Introduction: Comprehensive genomic profiling (CGP) is gaining ground in modern precision oncology for its ability to potentially analyze multiple tumor alterations and identify actionable ones, guiding targeted anticancer treatments. However, integrating CGP into healthcare systems demands consideration of the available evidence and collaboration between shareholders.

Areas covered: This review explores CGP's cost-effectiveness and feasibility across diverse healthcare settings, based on searches in PubMed, Google Scholar, gray literature, and extensive snowballing. We further aimed to elucidate barriers to routine CGP implementation and discuss potential solutions.
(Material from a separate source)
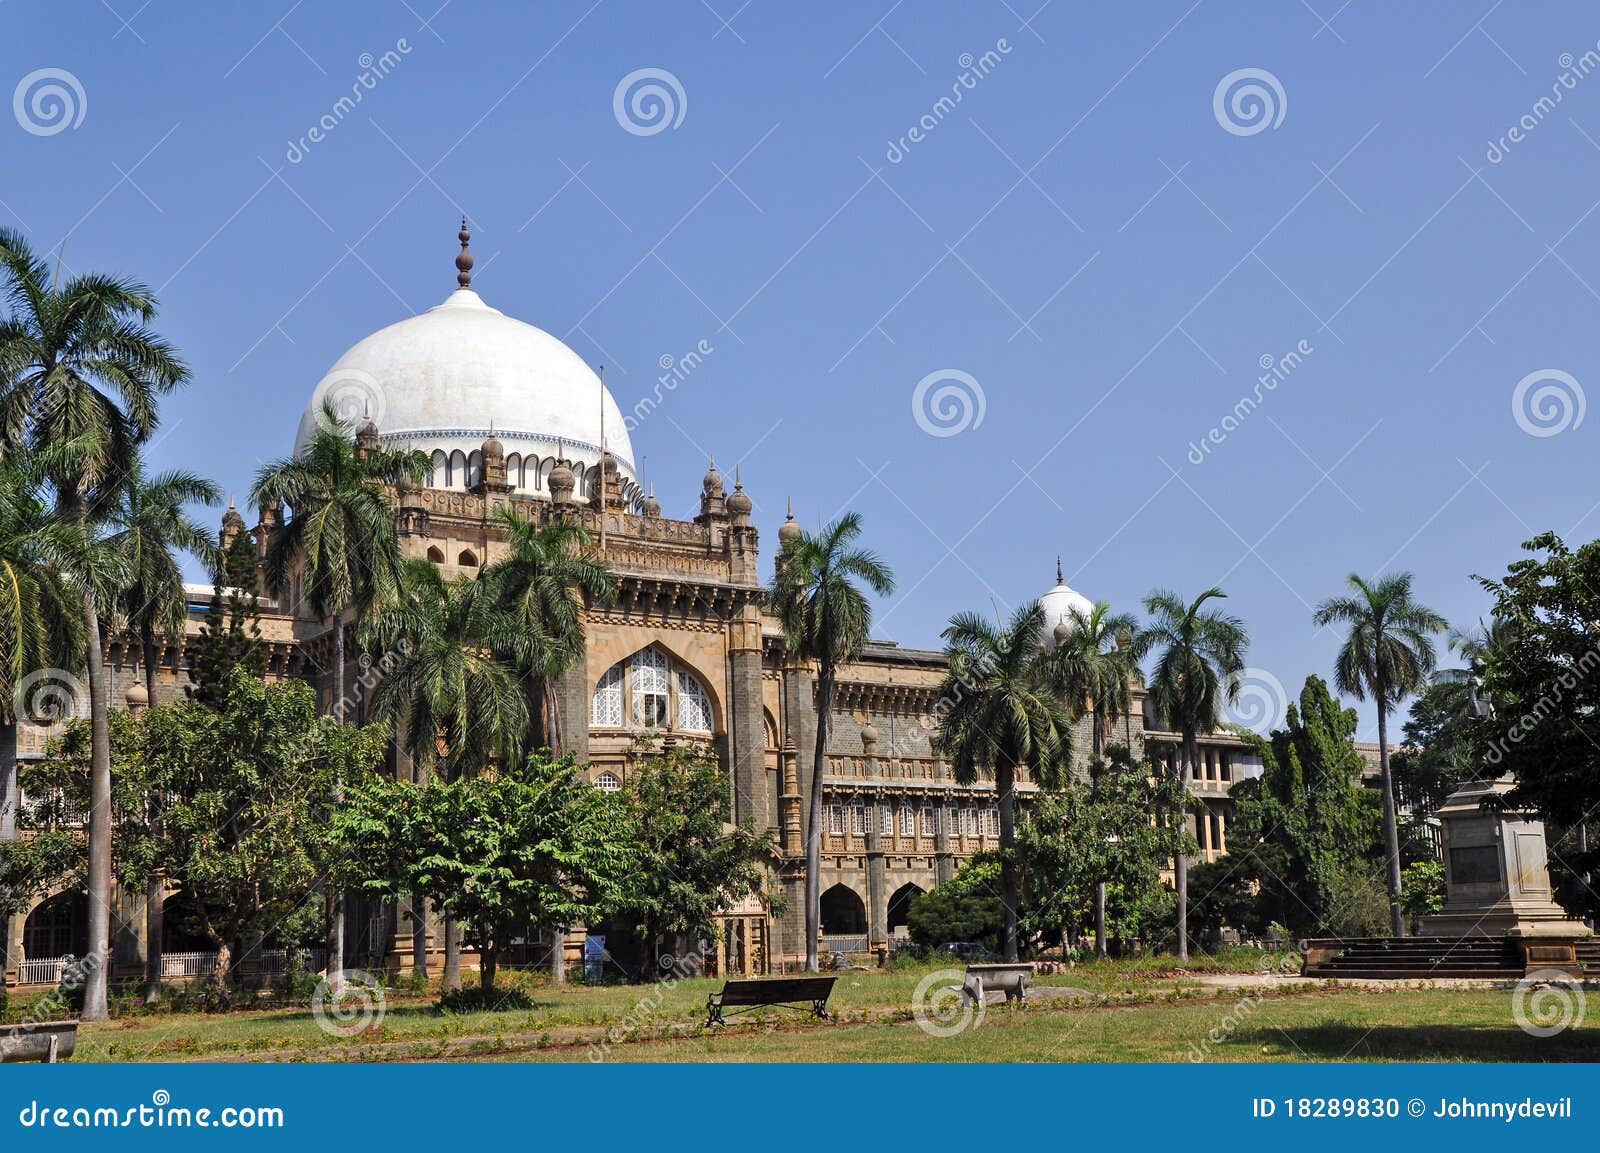 british colonial architecture in india

Expert opinion: Patients generally express satisfaction with CGP, especially if publicly funded, yet face difficulties in understanding test results, and managing lack of actionable mutations and access to novel treatment avenues. Physicians exhibit confidence in recommending and interpreting CGP for patients with refractory disease and considerable life expectancy and performance status, albeit acknowledging potential treatment delays. Health economic studies support CGP's cost-effectiveness, highlighting increased survival, productivity, reduced medical service utilization, and cost diversion to trial sponsors. Nonetheless, challenges persist, including reimbursement policies, limited testing accessibility, and the imperative for physician training and infrastructure enhancement. Addressing these issues through collaborative efforts and policy adjustments is paramount for realizing the full potential of CGP in advancing precision oncology.